Второй имперский солдат подобрался к нему вплотную. Огромный меч Твердеца обрушился на него, точно молот. Солдат прикрылся клинком, но не удержался на ногах. Твердец пришпорил лошадь, чтобы его растоптать, но та аккуратно переступила через лежащего солдата. Генерал бросил взгляд на Взятых, смачно обругал неторопливое животное и плашмя шлепнул его мечом.

Но лошадь и после этого не пожелала двигаться быстрее. Твердец яростно врезал ей по шее и взвыл — рука словно приклеилась к гриве. Крик ярости сменился криком отчаяния. Он попытался заколоть лошадь, но не смог даже порезать ей шкуру, и тогда метнул оружие во Взятых. Окутывающее их фиолетовое свечение уже начало бледнеть.

Ворона отделяли от Твердеца всего два шага, а я отставал от товарища на три. Столь же близко, но с другой стороны, находились солдаты, прилетевшие с Зовущей.

Ворон взмахнул мечом и нанес сильный режущий удар снизу вверх. Кончик клинка чиркнул по животу Твердеца и… отскочил. Кольчуга? Огромный кулак с размаху припечатался к виску Ворона. Тот зашатался, отступил на шаг и мешком осел на землю.

Не задумываясь, я рубанул Твердеца по руке. Мы оба завопили, когда сталь рассекла кость и брызнул красный фонтан.

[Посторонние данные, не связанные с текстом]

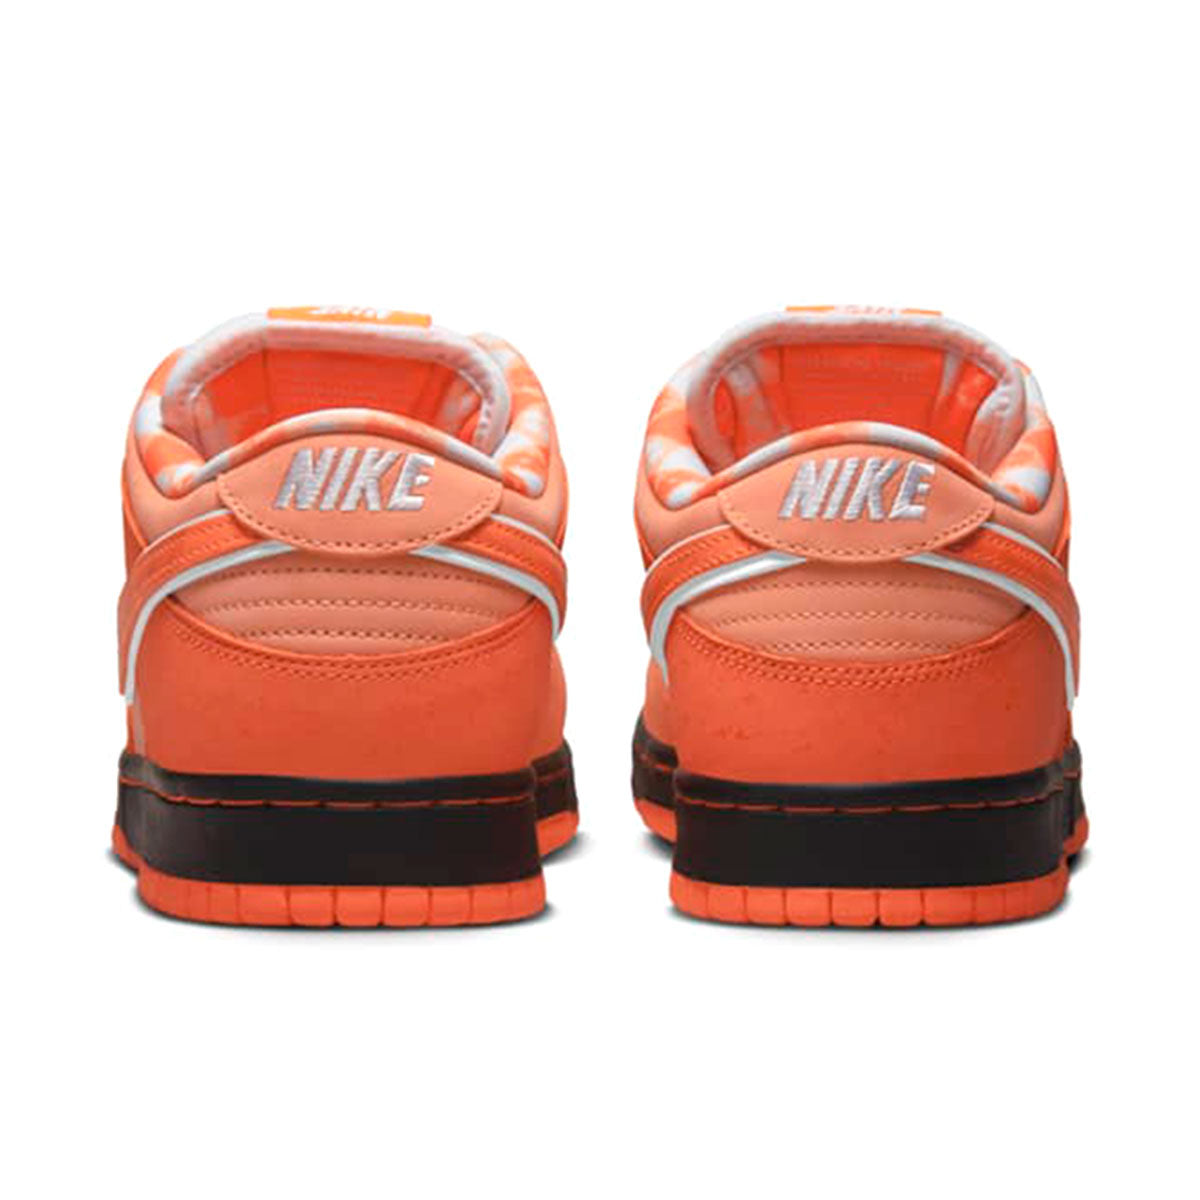 240107017-1 FD8776-800 Concepts × Nike SB Dunk Low SP “Orange Lobster”
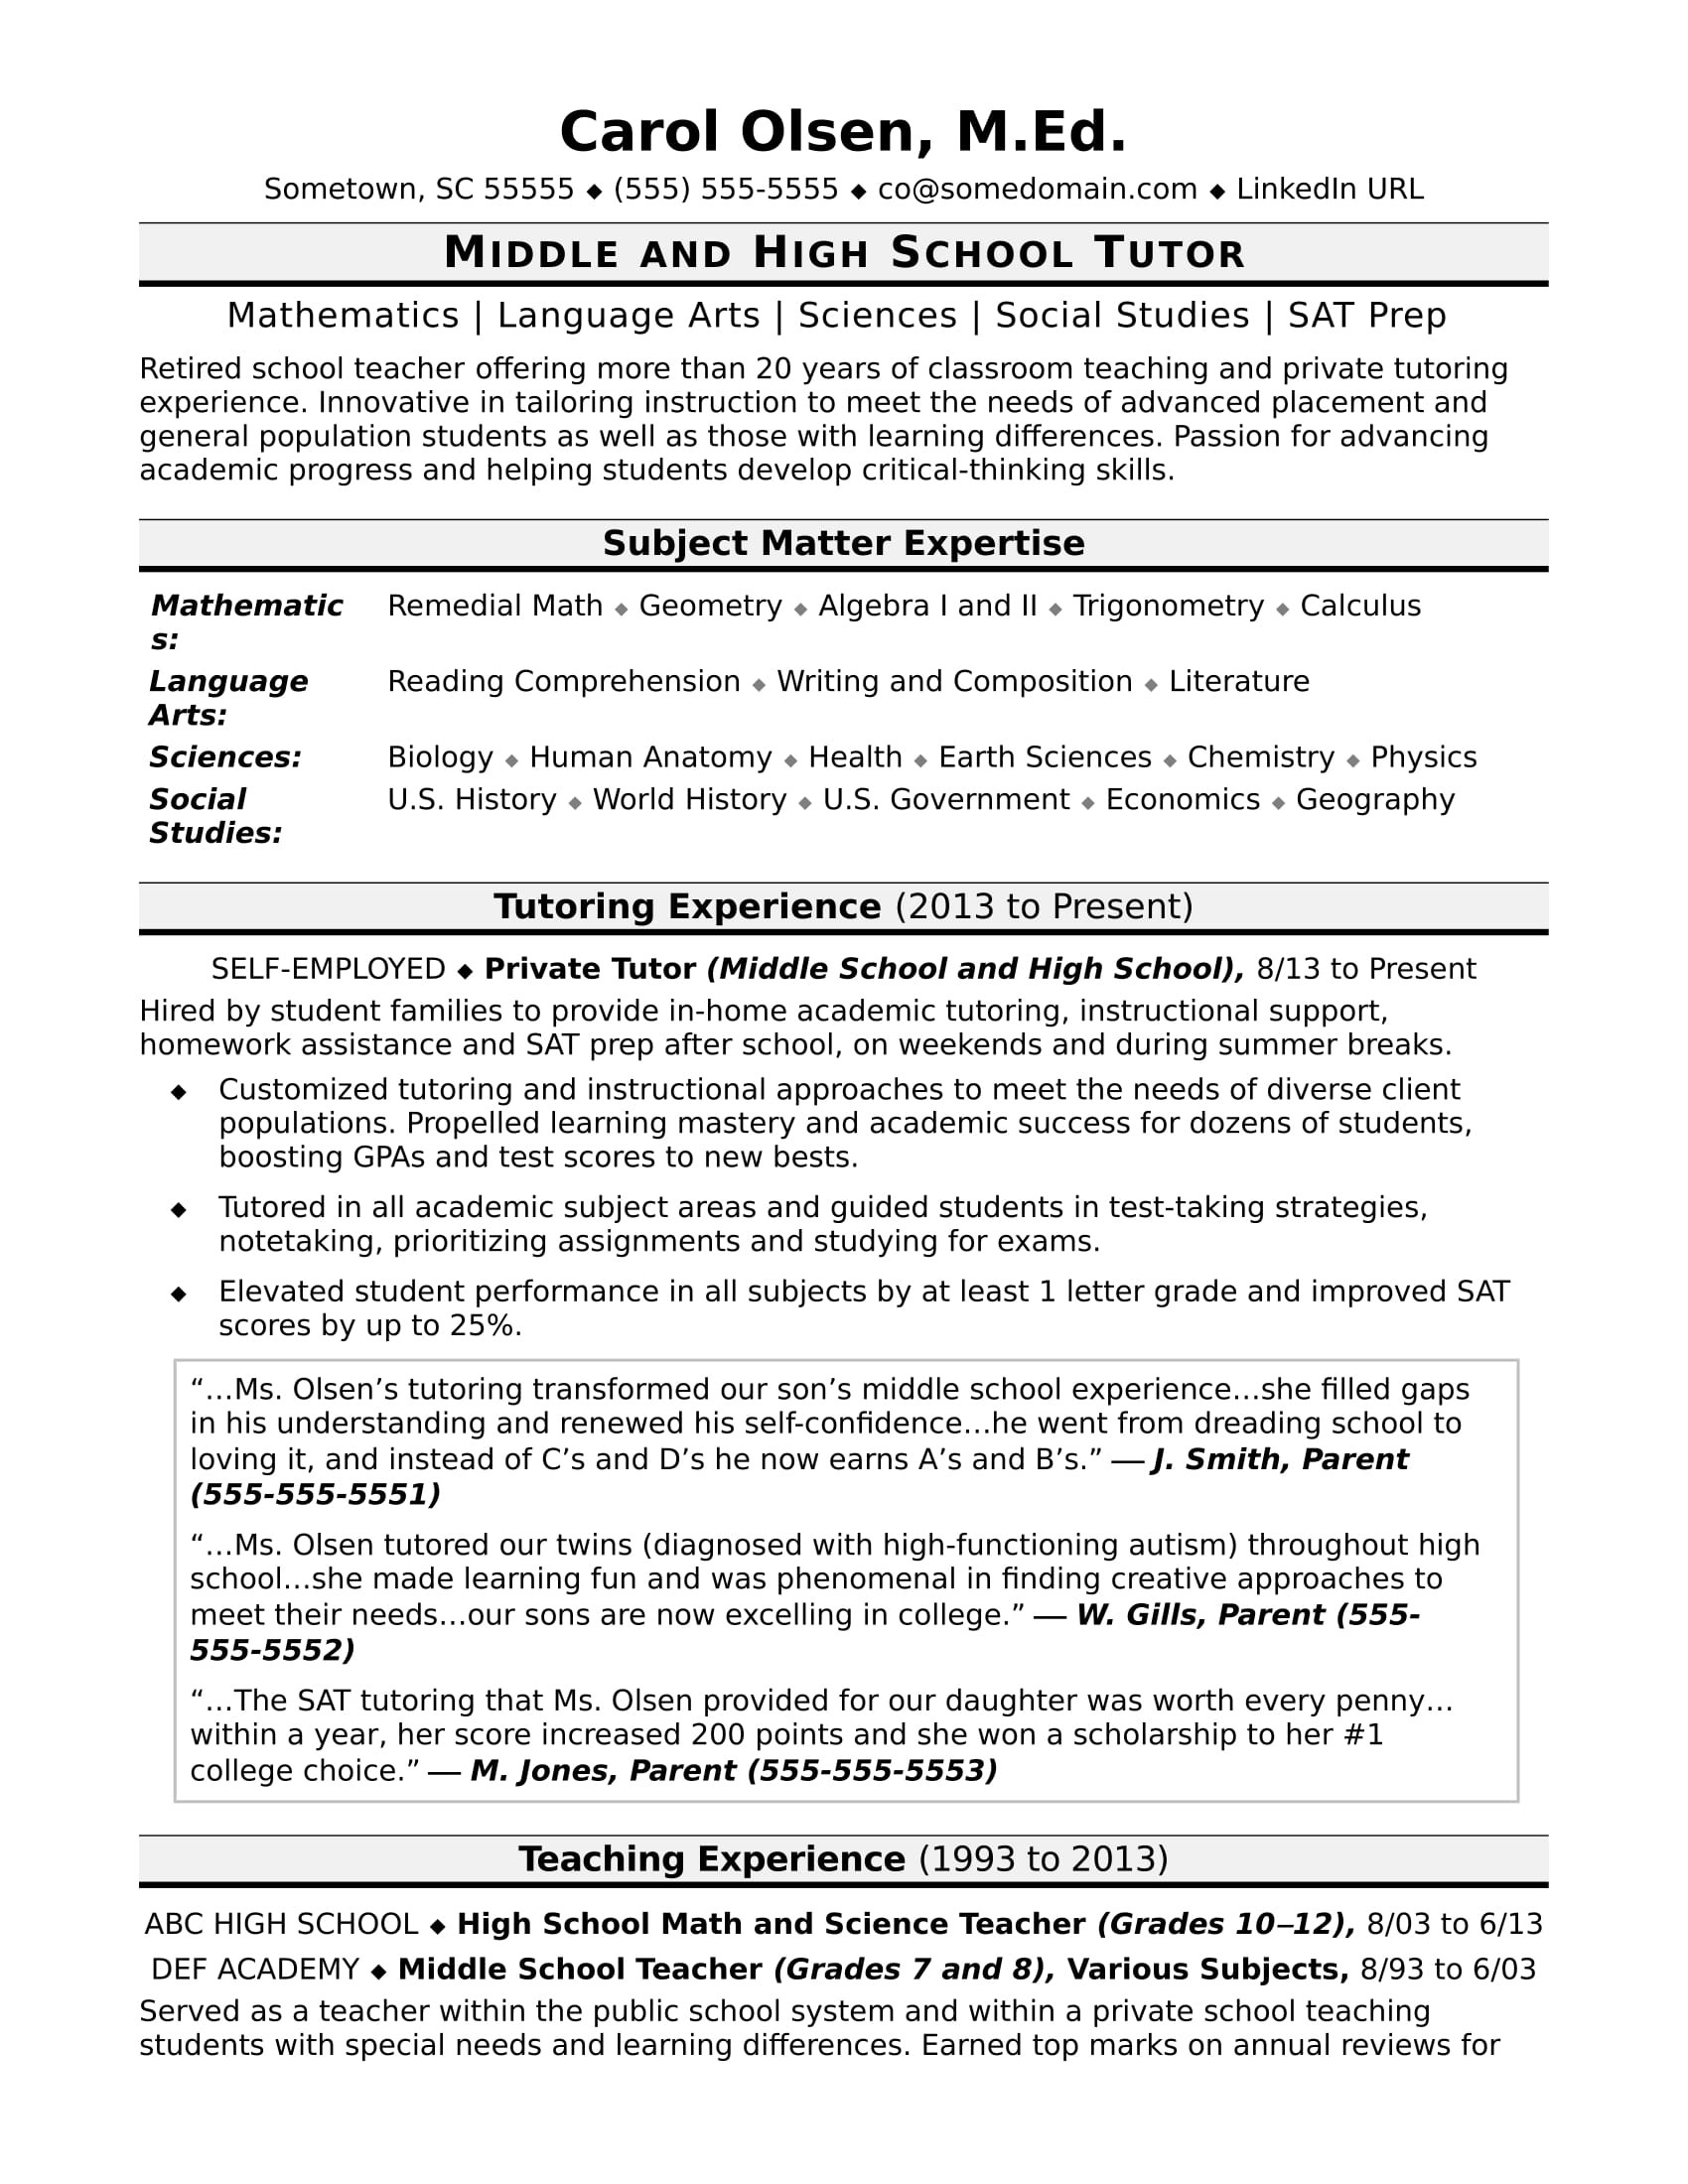 tutor resume sample

Я склонился над Вороном, но тут же обернулся. Солдаты Зовущей крошили Твердеца в капусту. Его рот был распахнут, иссеченное шрамами лицо искажено — он упрямо игнорировал боль, одновременно пытаясь спастись при помощи магии. Взятые пока выбыли из игры, и его противниками стали три обычных человека. Но сейчас все это не имело значения.

Мой взгляд неудержимо притягивала лошадь Твердеца. Животное таяло… Нет, не таяло. Оно менялось.

Я хихикнул. Великий генерал мятежников сидел на спине Меняющего.

Мой смех превратился в безумный хохот.

Этот недолгий припадок не позволил мне поучаствовать в добивании Твердеца. Два солдата Зовущей разрубили его на куски, пока Меняющий не давал ему вырваться. Твердец испустил дух намного раньше, чем мне удалось успокоиться.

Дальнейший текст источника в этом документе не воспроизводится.